Exercise in exact copying: restate word for word only the lines below from the one containing "チャプター・場面転換等にピアノジングルLの未再生の波形" through the one containing "Apollo-Bay-beach.jpeg", omitting any pictures.

**Material for the task:**
════════════════

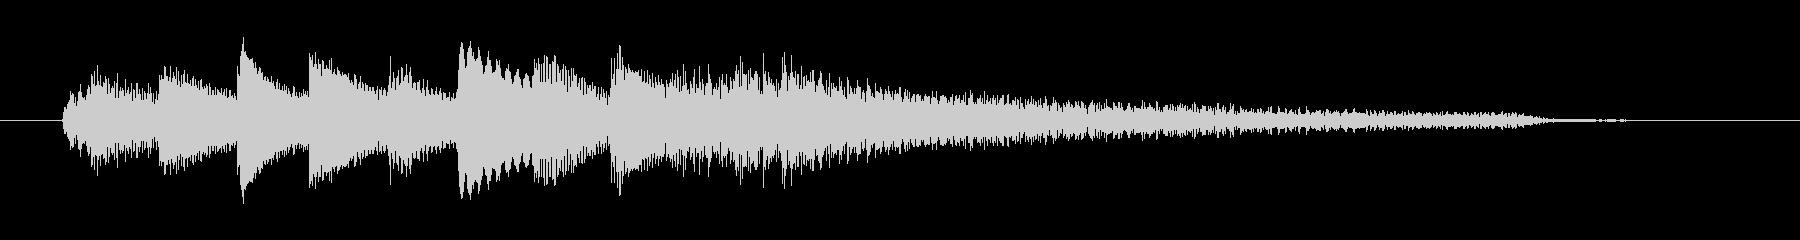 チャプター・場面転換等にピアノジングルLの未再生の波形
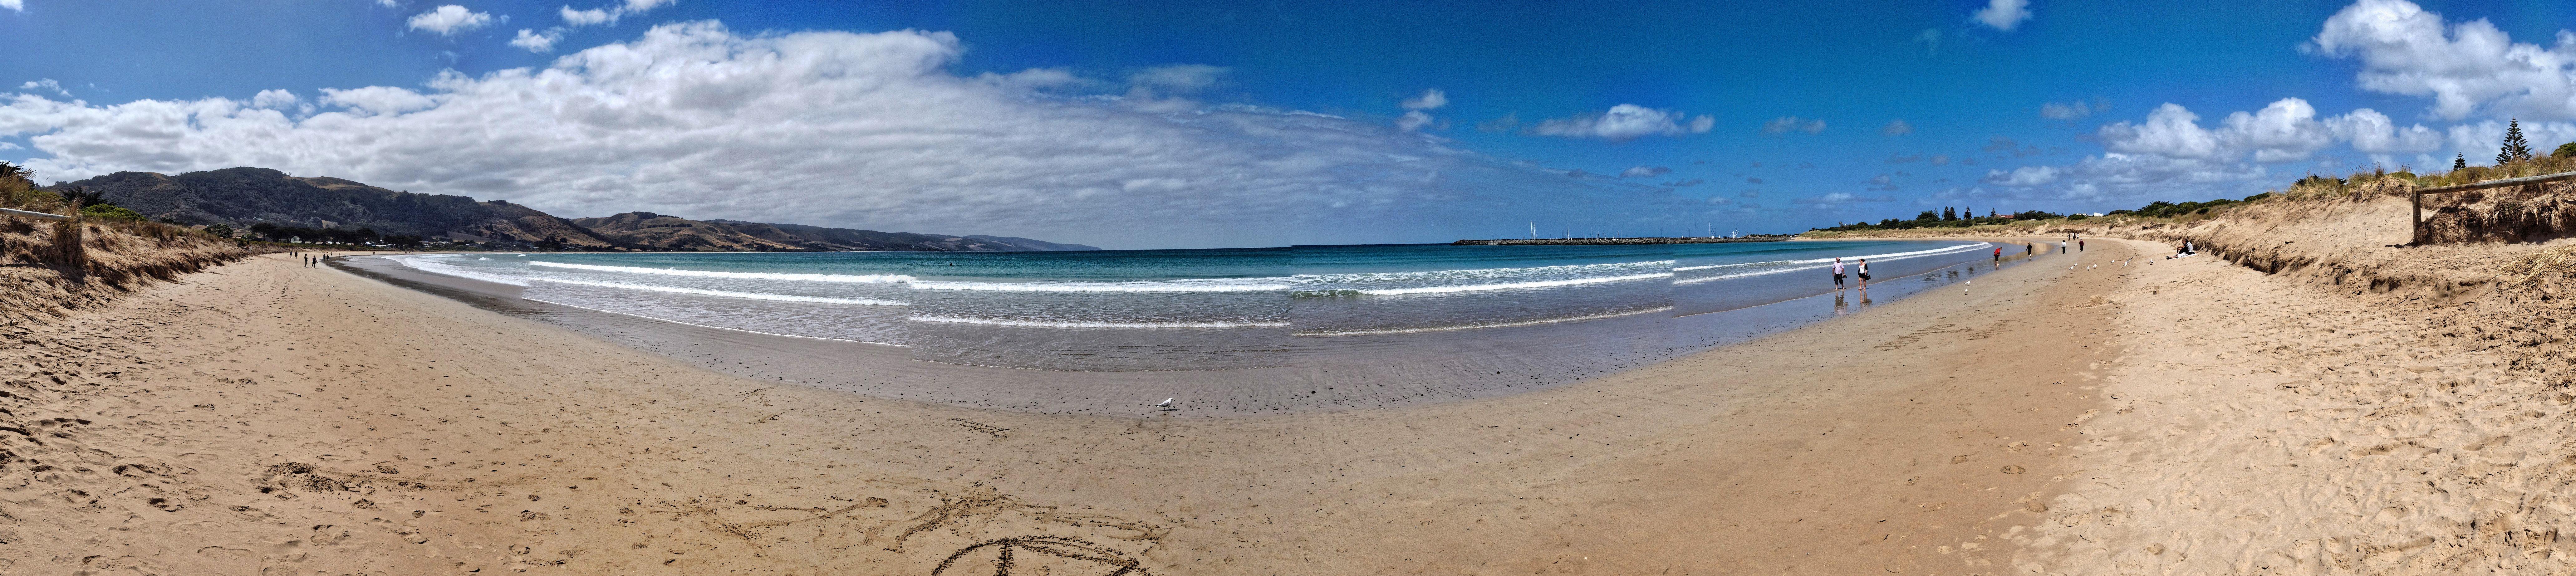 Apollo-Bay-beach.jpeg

════════════════

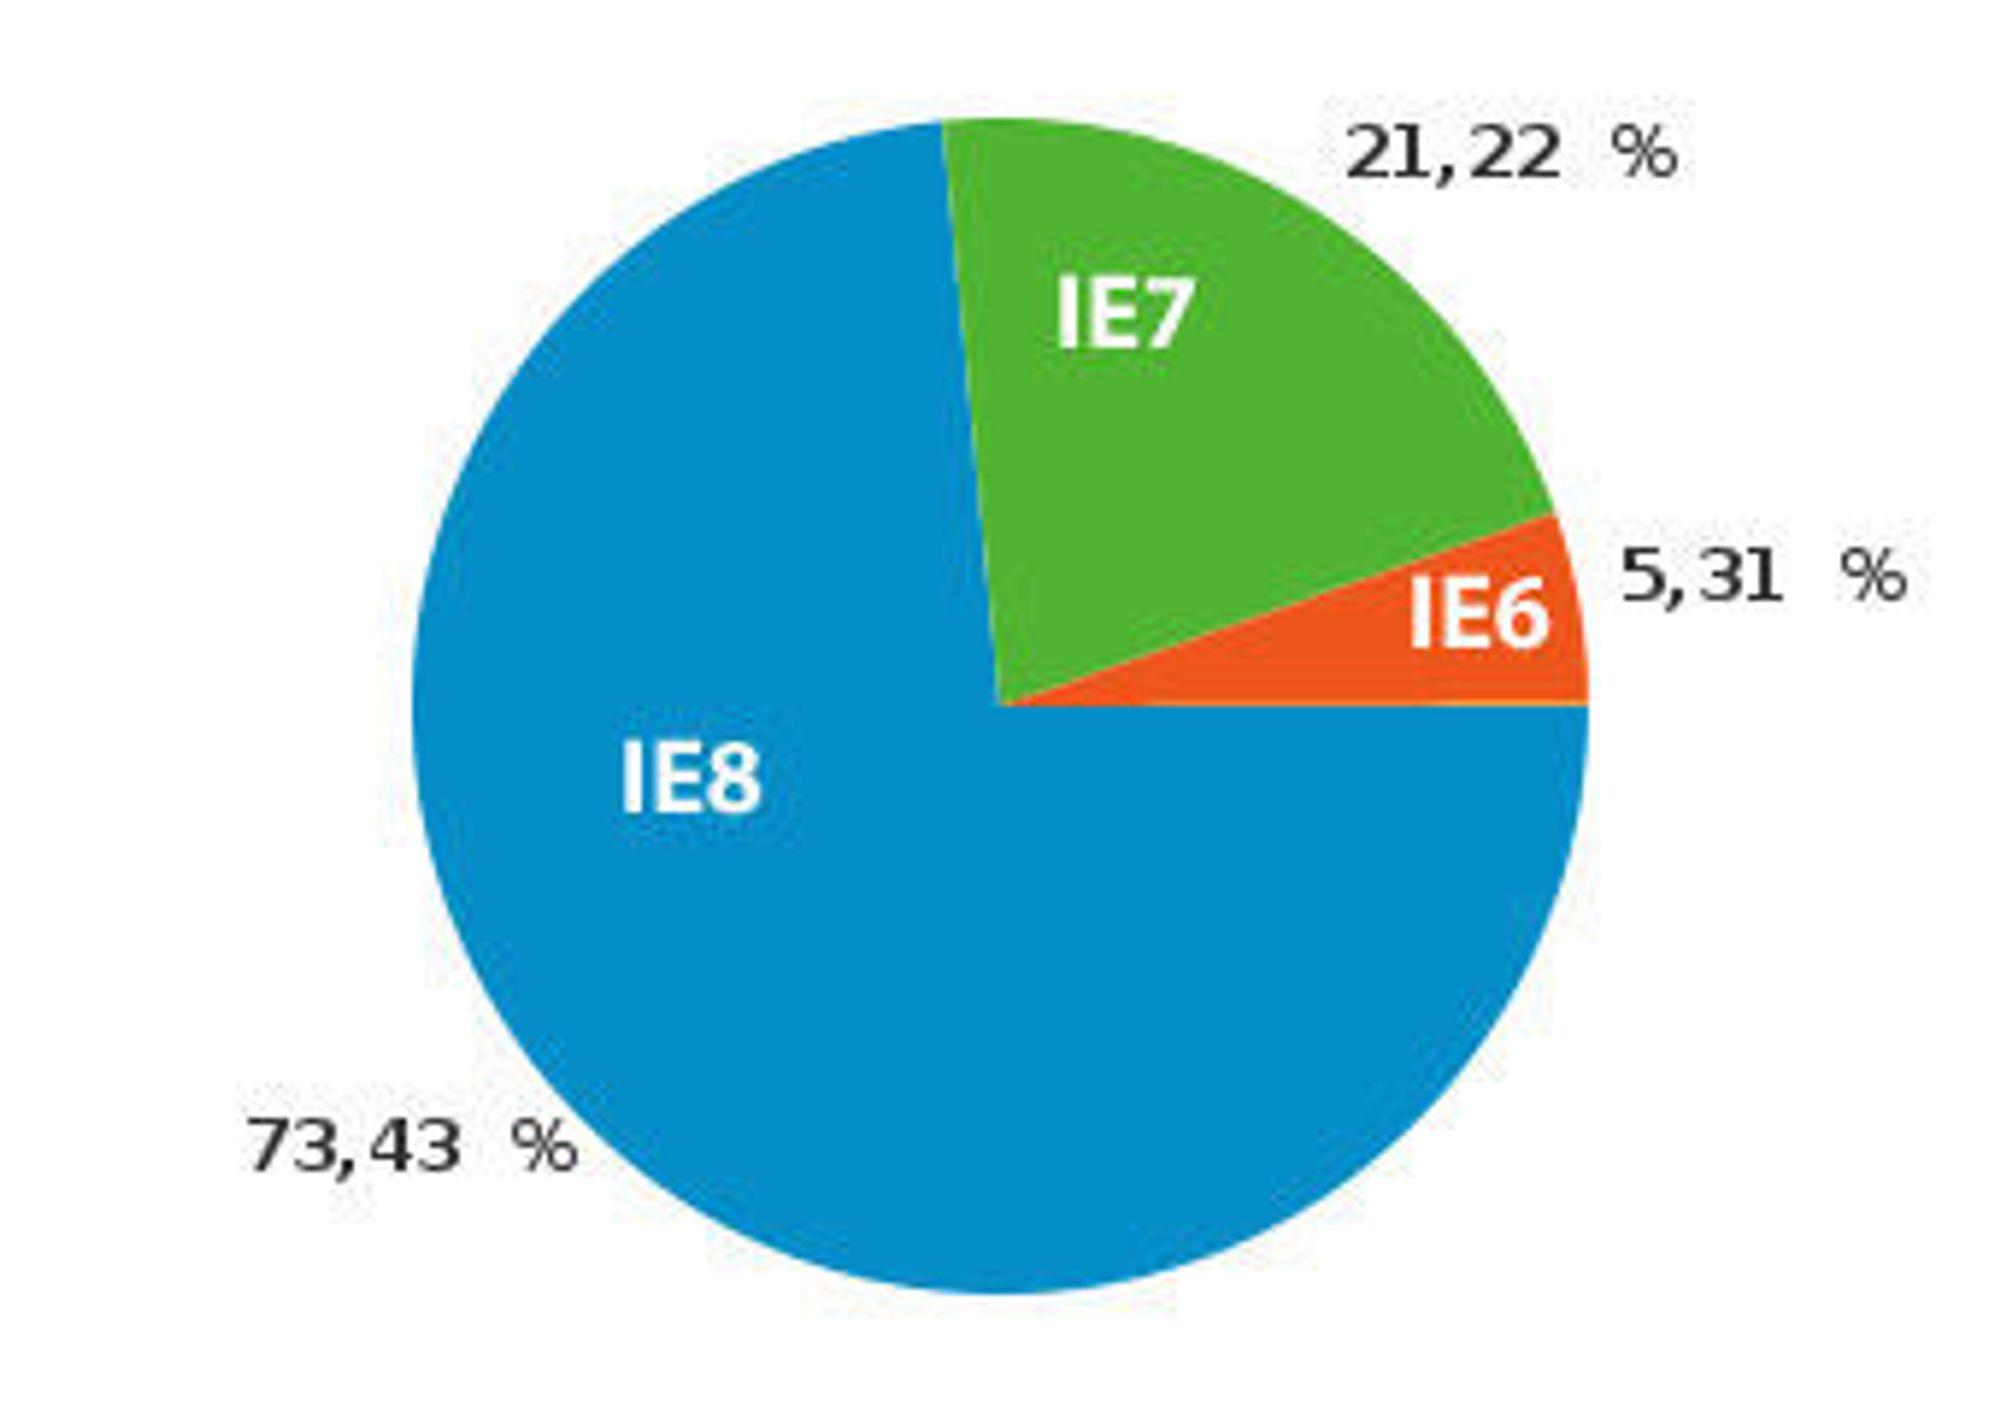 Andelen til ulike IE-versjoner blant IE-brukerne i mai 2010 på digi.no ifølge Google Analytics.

════════════════

**Task solution:**
 チャプター・場面転換等にピアノジングルLの未再生の波形
 Apollo-Bay-beach.jpeg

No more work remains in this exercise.